Hibaq Osman

Hibaq Osman



Kalt

You would always visit with a new word in hand. Say “this is orangensaft” and I’d nod, pretend I did not remember the many years of classes. I’d thank you for the word, for the gift and for the visit. I could tell you I understand more than you think. Or I could show you to the bedroom.

This was the last time I let someone else in beyond hurricanes of small talk. All my doors are closed, triple locked and do not allow a draft. Once, you asked me how long it would take me to get out in emergency. Out loud, I wondered where you thought I was going.

Winters in this house are warm, I’d turn it icy if I could. Welcome to the suffocation of loving me. All this heat is yet to leave. Pointing to the bathroom you say “badezimmer”, I repeat it.
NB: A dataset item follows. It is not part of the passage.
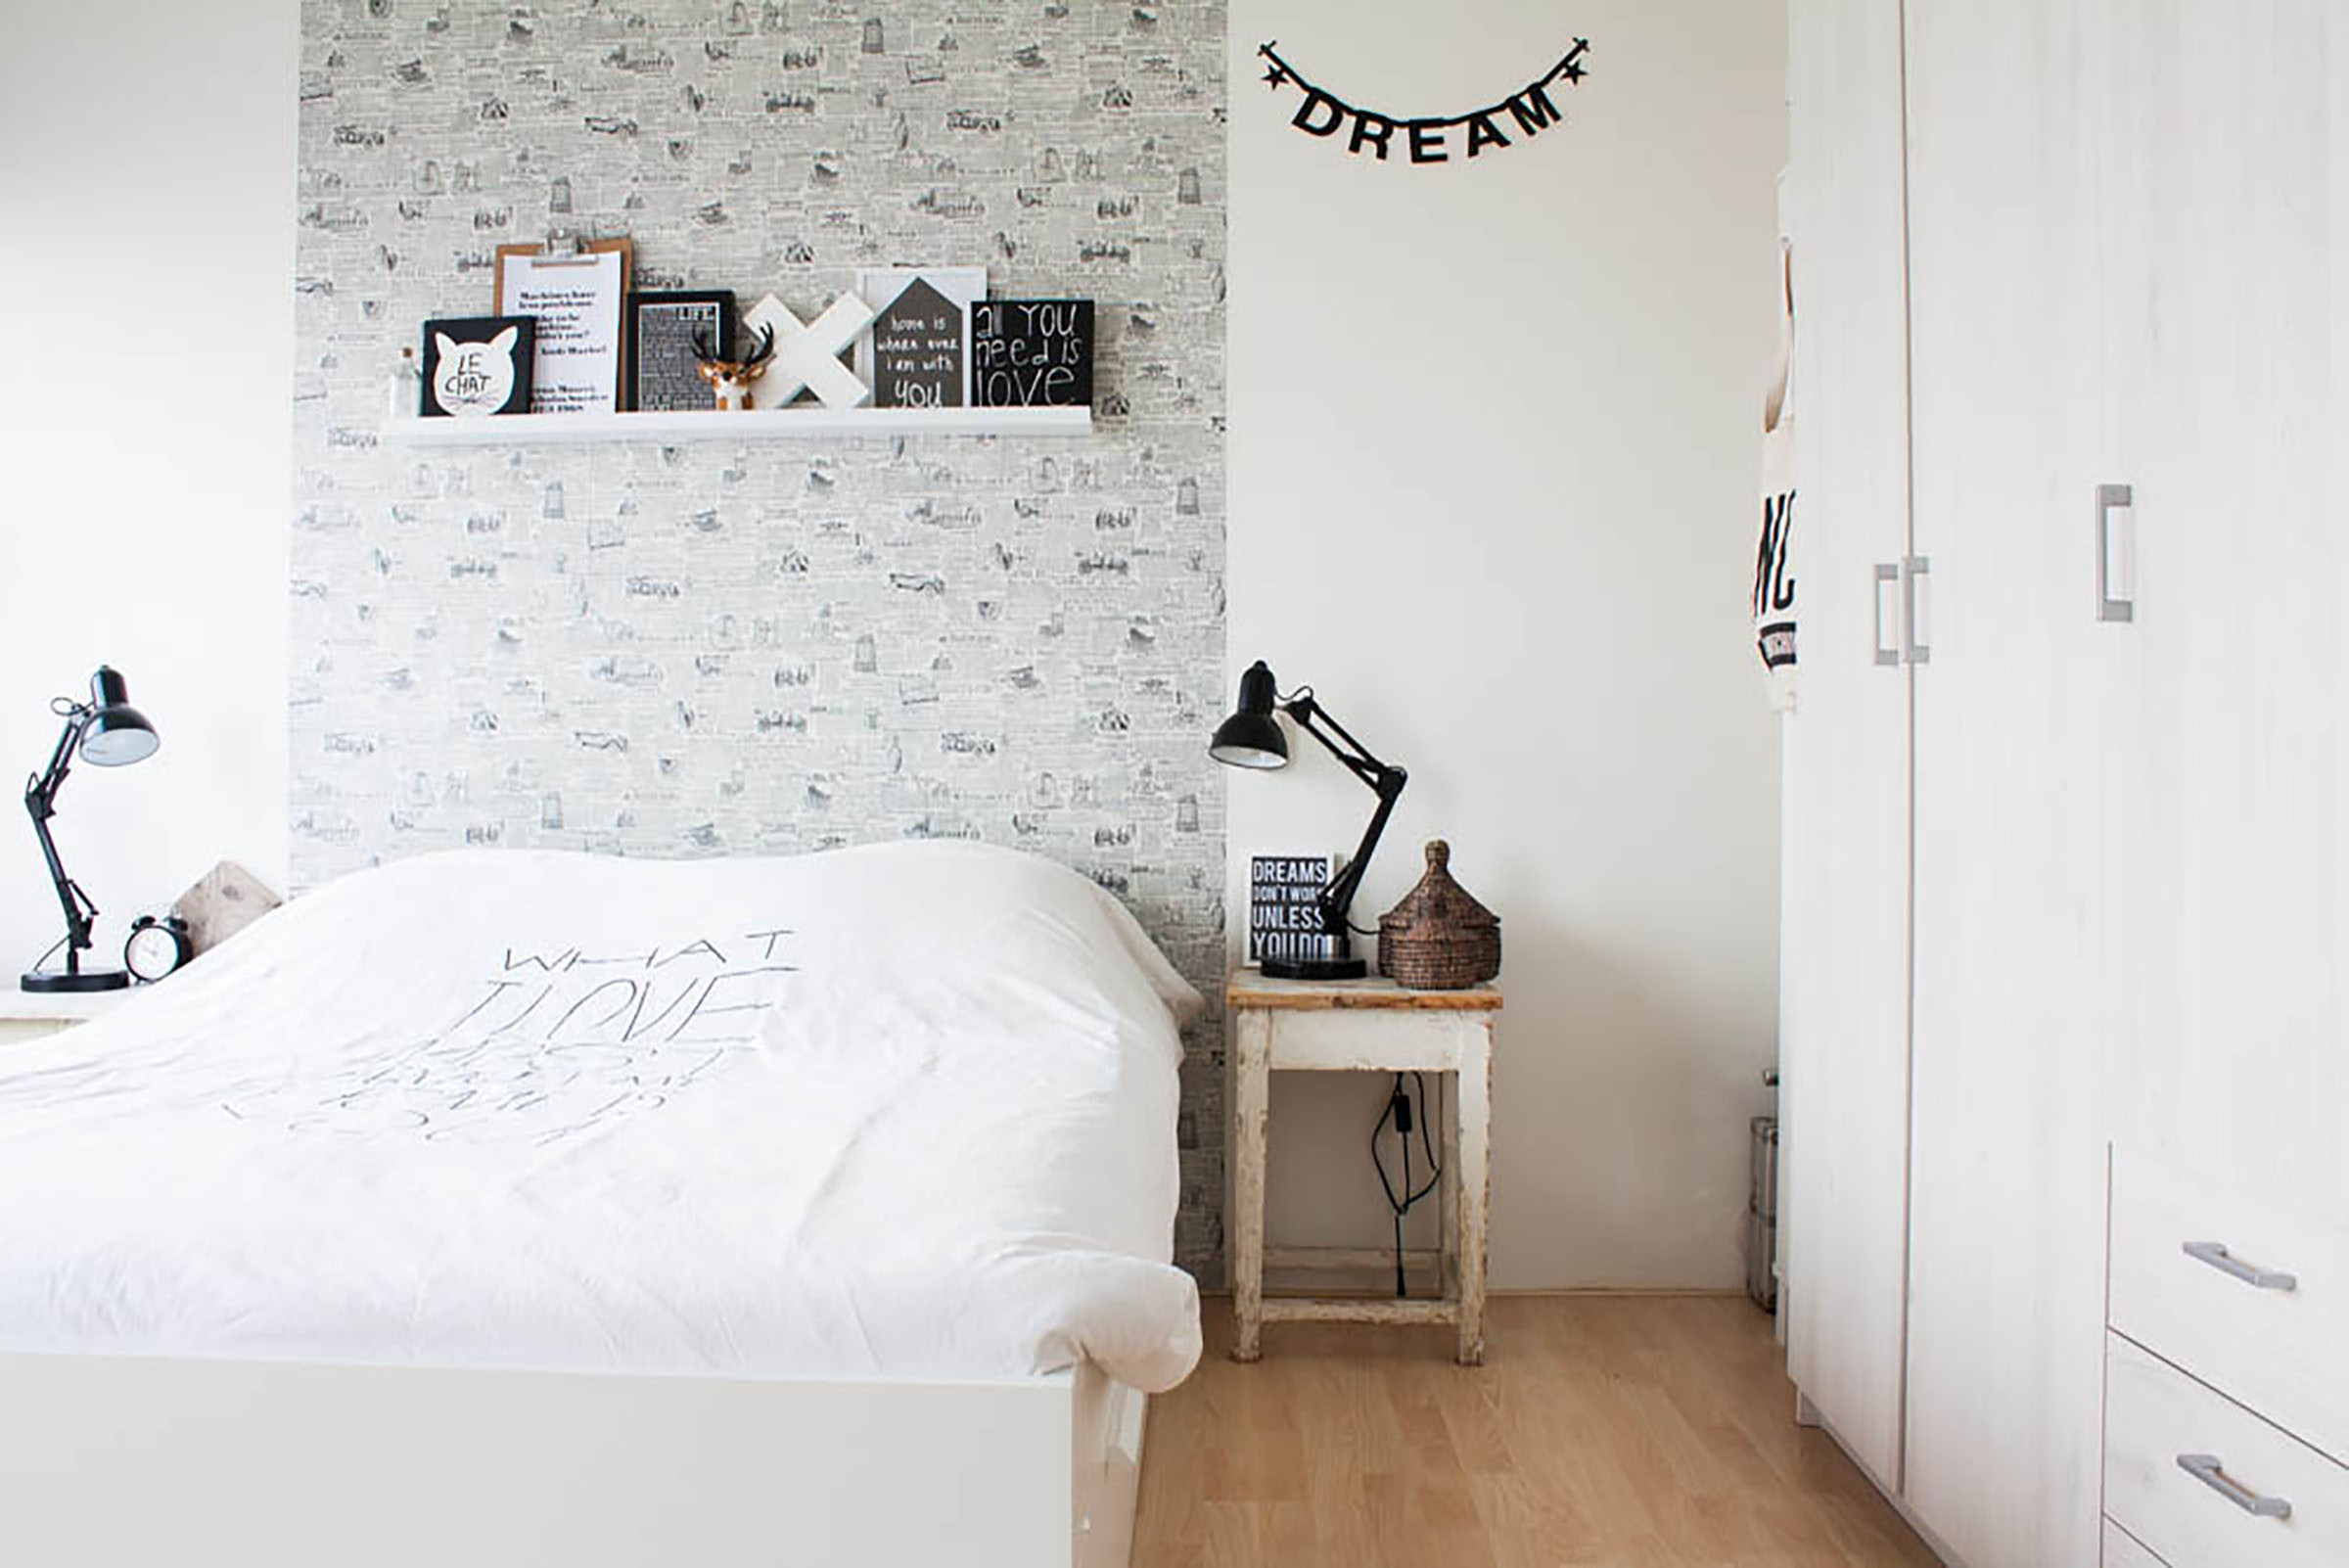 15 kreative Ideen für die Wand hinter dem Bett

Yes, this is where all the blood flows. 

Or chamber of lost causes. A house for the knives and the child within me. Secrets that must never slip under the door frame. In the morning when you’d prepare to leave, I would take your sweater and beg: next time, do not bring the cold in with you. 





HIBAQ OSMAN is a Somali writer born and based in London. Her first pamphlet A Silence You Can Carry was published under Out-Spoken Press in 2015. In 2020, Hibaq released her first full poetry collection where the memory was with Jacaranda Books.